At the platform’s other end, Jaden spat incantations nonstop as Zylas darted around him, claws slashing. Voice rising with desperation, the sorcerer flung his hands out.

“Ori decem!”

Blue swords formed in both hands and he slashed at the demon.

A fatal mistake.

His abjuration was a nearly unassailable defense against a demon, fast and impenetrable. But in combat? No human could beat Zylas in direct combat.

With smooth grace, the demon ducked the wildly swinging blades. His phantom claws swept up, passing through flesh and bones. The abjuration blades spun away and disappeared.

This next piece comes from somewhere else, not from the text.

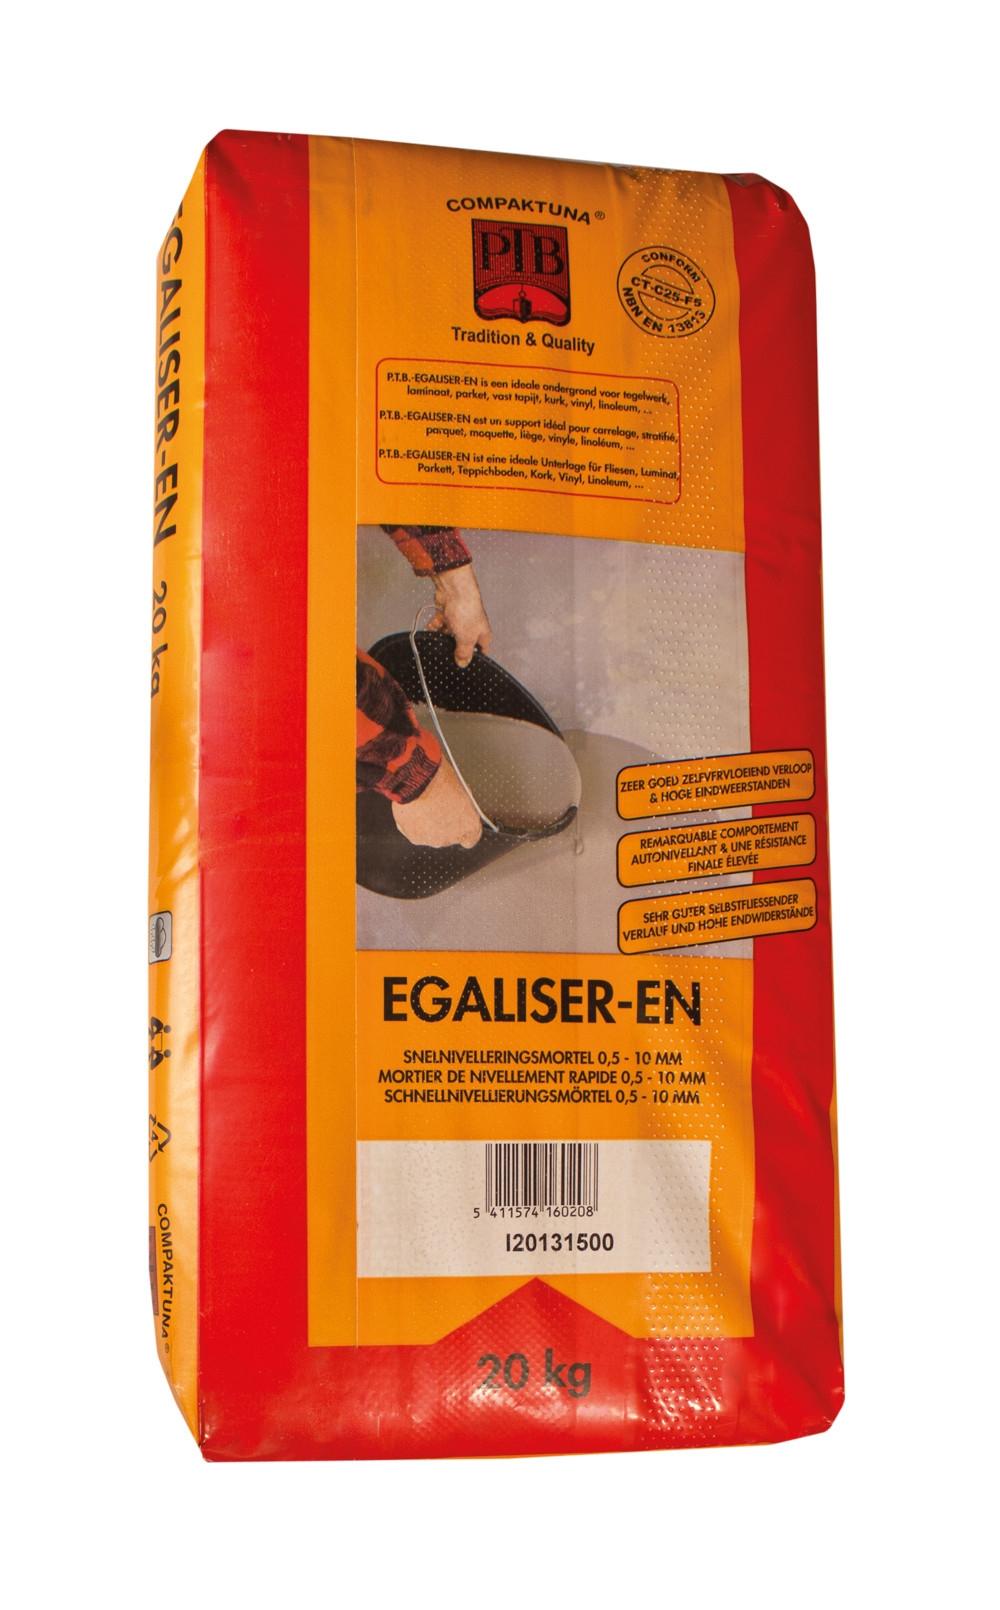 Egaliser-en - 20kg - Grijs

The sorcerer staggered backward, gaping at his severed fingers, only his thumbs left. The crimson talons on Zylas’s left hand dissolved, and he grabbed the man by the throat. His other hand drew back for the killing strike.

Something midnight black and vicious burned through the link between me and Zylas, then the connection snapped off—the demon shoving me out of his head.

He rammed his claws into Jaden’s chest, bones crunching. Jaden’s agonized scream filled the air as Zylas twisted his hand, then ripped it back out. The man went limp, head lolling.